While the benefits of statins in reducing major adverse cerebro-cardio-vascular events (MACCE) are well
established, statins have been linked to a slight increase in the incidence of ICH, particularly in lobar ICH
patients who have Apolipoprotein E ε2 and/or ε4 genotypes, and the presence/number of microbleeds on
gradient-echo MRI. There are no prospective or randomized data on the effects of continuation vs.
discontinuation of statins after ICH regarding the risks of ICH recurrence and incidence of MACCE, or long-
term functional or cognitive outcomes, or quality of life. We propose a multi-center, pragmatic, prospective,
randomized, open-label, Phase III clinical trial with blinded end-point assessment (PROBE) in patients with
lobar ICH taking statins to determine whether continuation or discontinuation of these drugs is the best
strategy. We specifically wish to evaluate the effects of discontinuing vs. continuing statins on the risk of
recurrent symptomatic ICH, and the occurrence of MACCE (symptomatic ischemic stroke, symptomatic
myocardial infarction, newly symptomatic arterial occlusive disease (peripheral, retinal, or carotid),
revascularization procedures for coronary, carotid, or peripheral arterial disease, and vascular death) during 24
months of follow-up in patients presenting with lobar ICH while taking a statin. We will also examine: 1) quality
of life, functional, and cognitive outcomes in patients in whom statins are continued vs. discontinued, by
repeated assessments of the EQ-5D quality of life questionnaire, modified Rankin Scale, and Telephone
Montreal Cognitive Assessment at 3, 6, 9, 12, 18, and 24 months; and 2) whether the presence vs. absence of
APOE ε2 and/or ε4 genotypes modifies the effects of statins on the risk of recurrent ICH, (i.e. whether APOE
genotype can be used as a biological marker to stratify the risk of ICH recurrence in statins-treated patients).
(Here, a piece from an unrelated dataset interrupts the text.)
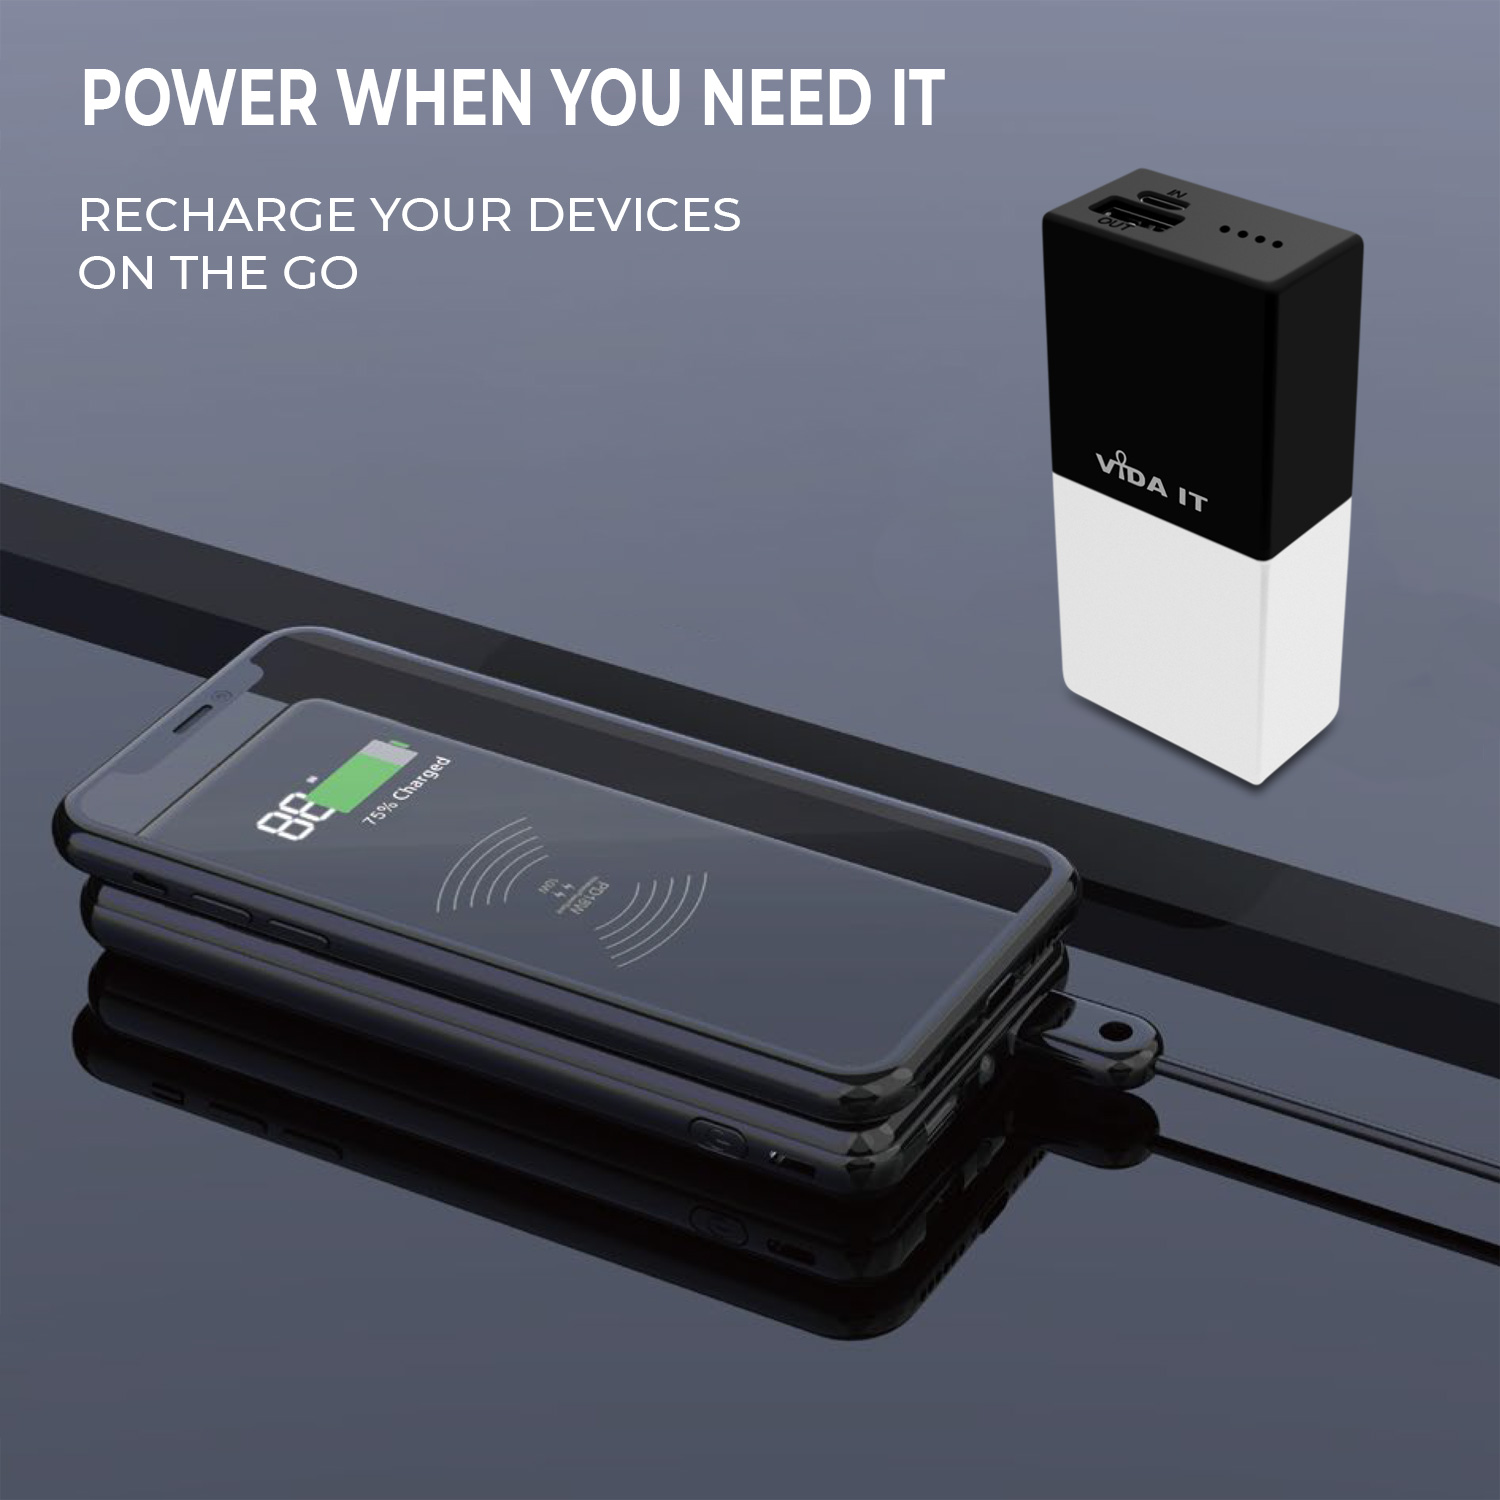 F50 - Strong Portable 5000mAh capacity Compact Power Bank Travel Emergency USB Charger External Battery Pack High Power Output 2.1A with Micro-USB charging cable and iPhone lightning and USB C type-c adapters for mobile phone smartphone.
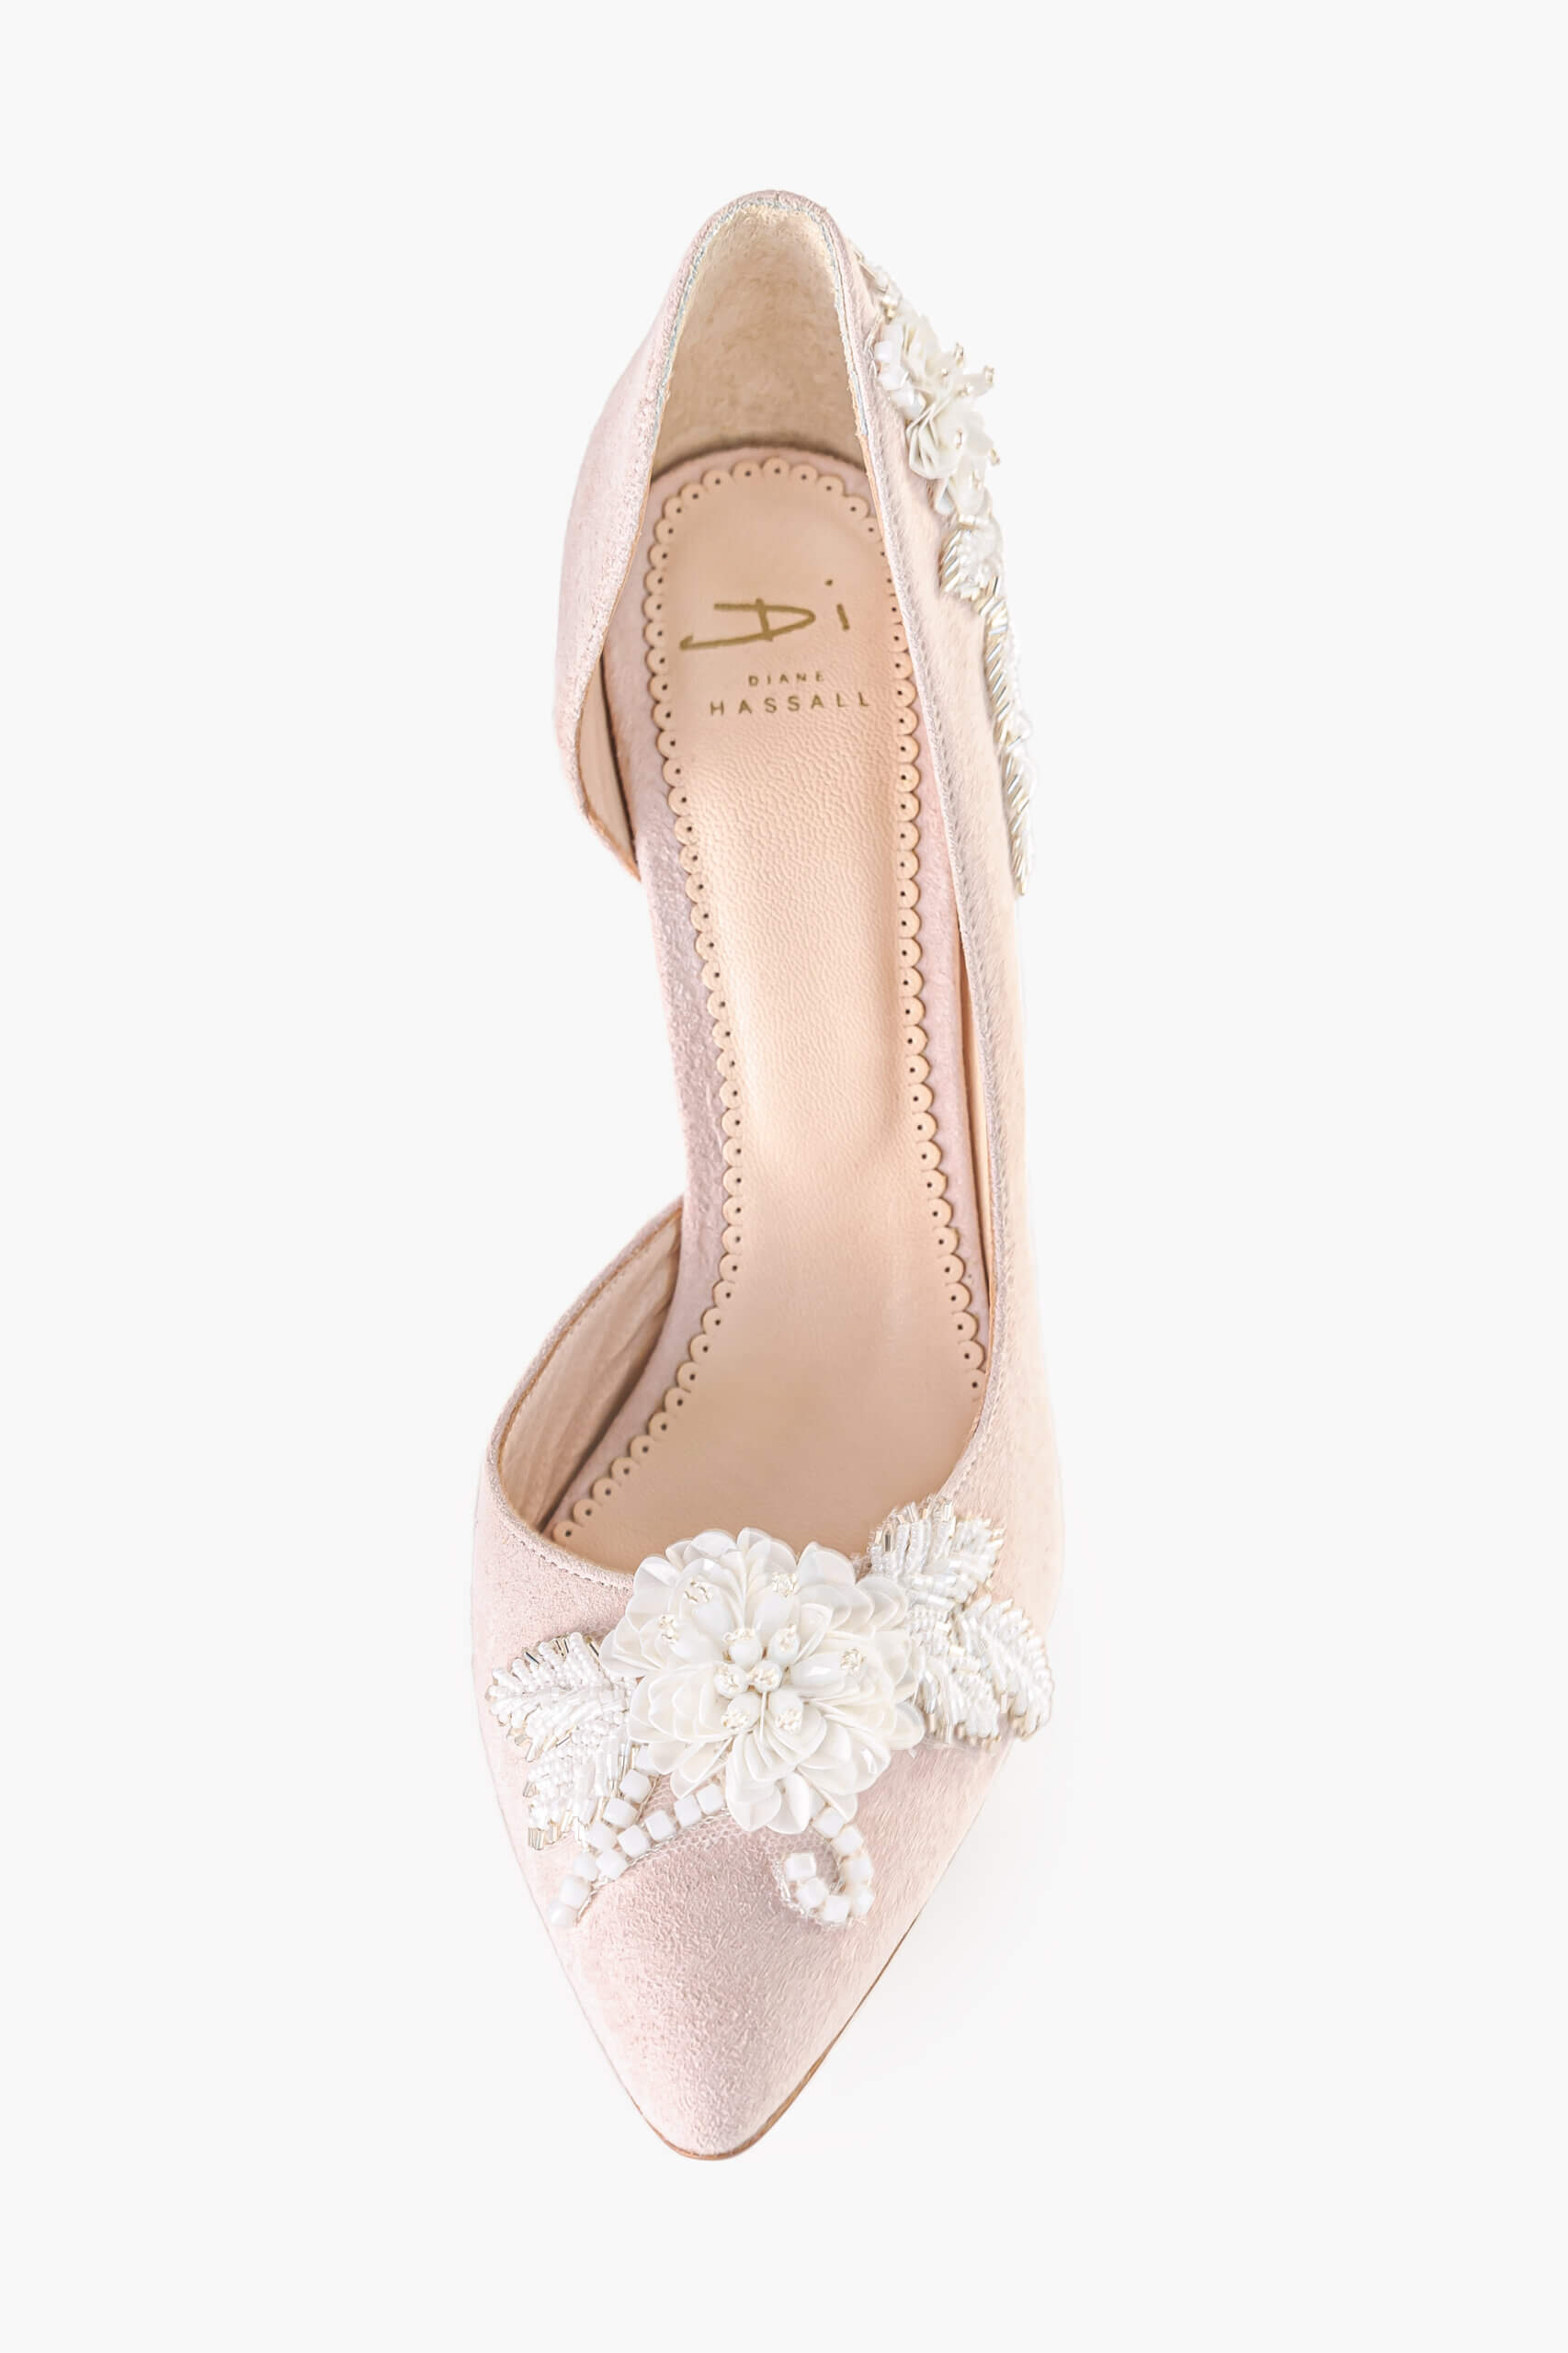 Pink Heel Shoes Wedding Shoes Wedding Pumps Wedding Shoes for Bride Gift  for Her Cross Straps Bridal Shoes Suede Shoes - Etsy | Wedding shoes heels,  Bride shoes, Pink wedding shoes

We hypothesize that: 1) discontinuation of statins in patients with lobar ICH is likely associated with reduced
risk of ICH recurrence; and 2) patients with lobar ICH and APOE ε2 and/or ε4 genotypes have an increased
risk of recurrent ICH with continuation of statins therapy; and that avoiding statins in this subset of patients with
these biological markers might be helpful to reduce the risk of ICH recurrence.
This proposed study within the NIH StrokeNet will answer an important clinical question relevant to everyday
practice. This study will also provide a unique opportunity to simultaneously address important areas in ICH
research identified by the NINDS PRG and StrokeNet: 1) prevention of ICH recurrence; and 2) biomarkers that
may modify treatment decisions in stroke patients. Successful studies aiming to prevent ICH and its recurrence
would have significant public health and cost-saving implications.
关于他汀类药物是否应该用于高危患者,存在知识缺口和临床平衡
用于脑出血(ICH),特别是复发性ICH风险高的脑叶ICH患者。
虽然他汀类药物在减少主要不良心血管事件(MACCE)方面的益处很好,
已经证实,他汀类药物与ICH发生率的轻微增加有关,特别是在脑叶性ICH中
具有载脂蛋白E ε2和/或ε4基因型的患者,
梯度回波核磁共振成像目前尚无关于继续治疗与
ICH后停用他汀类药物的ICH复发风险和MACCE发生率,或长期-
长期功能或认知结果,或生活质量。我们提出一个多中心、务实、前瞻、
一项随机、开放标签、III期临床试验,在以下患者中进行设盲终点评估(PROBE)
服用他汀类药物以确定是否继续或停用这些药物是最好的
战略我们特别希望评估停用与继续使用他汀类药物对以下风险的影响:
复发性症状性ICH和MACCE(症状性缺血性卒中,症状性
心肌梗死、新症状性动脉闭塞性疾病(外周、视网膜或颈动脉),
冠状动脉、颈动脉或外周动脉疾病的血运重建手术,以及血管性死亡)
对服用他汀类药物时出现脑叶性ICH的患者进行了数月的随访。我们还将审查:1)质量
继续与停用他汀类药物患者的生活、功能和认知结局,
EQ-5D生活质量问卷、改良兰金量表和电话的重复评估
3、6、9、12、18和24个月时的蒙特利尔认知评估;以及2)是否存在与不存在
APOE ε2和/或ε4基因型改变了他汀类药物对ICH复发风险的影响(即APOE是否
基因型可用作他汀类药物治疗患者ICH复发风险分层的生物学标志物)。
我们假设:1)脑叶性ICH患者停用他汀类药物可能与降低
脑出血复发的风险; 2)脑叶性脑出血和APOE ε2和/或ε4基因型患者的脑出血复发风险增加,
继续他汀类药物治疗的复发性ICH风险;在这一亚组患者中避免使用他汀类药物,
这些生物学标志物可能有助于降低ICH复发的风险。
NIH StrokeNet内的这项拟议研究将回答与日常生活相关的重要临床问题
实践这项研究还将提供一个独特的机会,同时解决ICH的重要领域
NINDS PRG和StrokeNet确定的研究:1)预防ICH复发; 2)
可能会改变中风患者的治疗决定。旨在预防ICH及其复发的成功研究
将对公共卫生和节约成本产生重大影响。
项目成果
期刊论文数量(1)
专著数量(0)
科研奖励数量(0)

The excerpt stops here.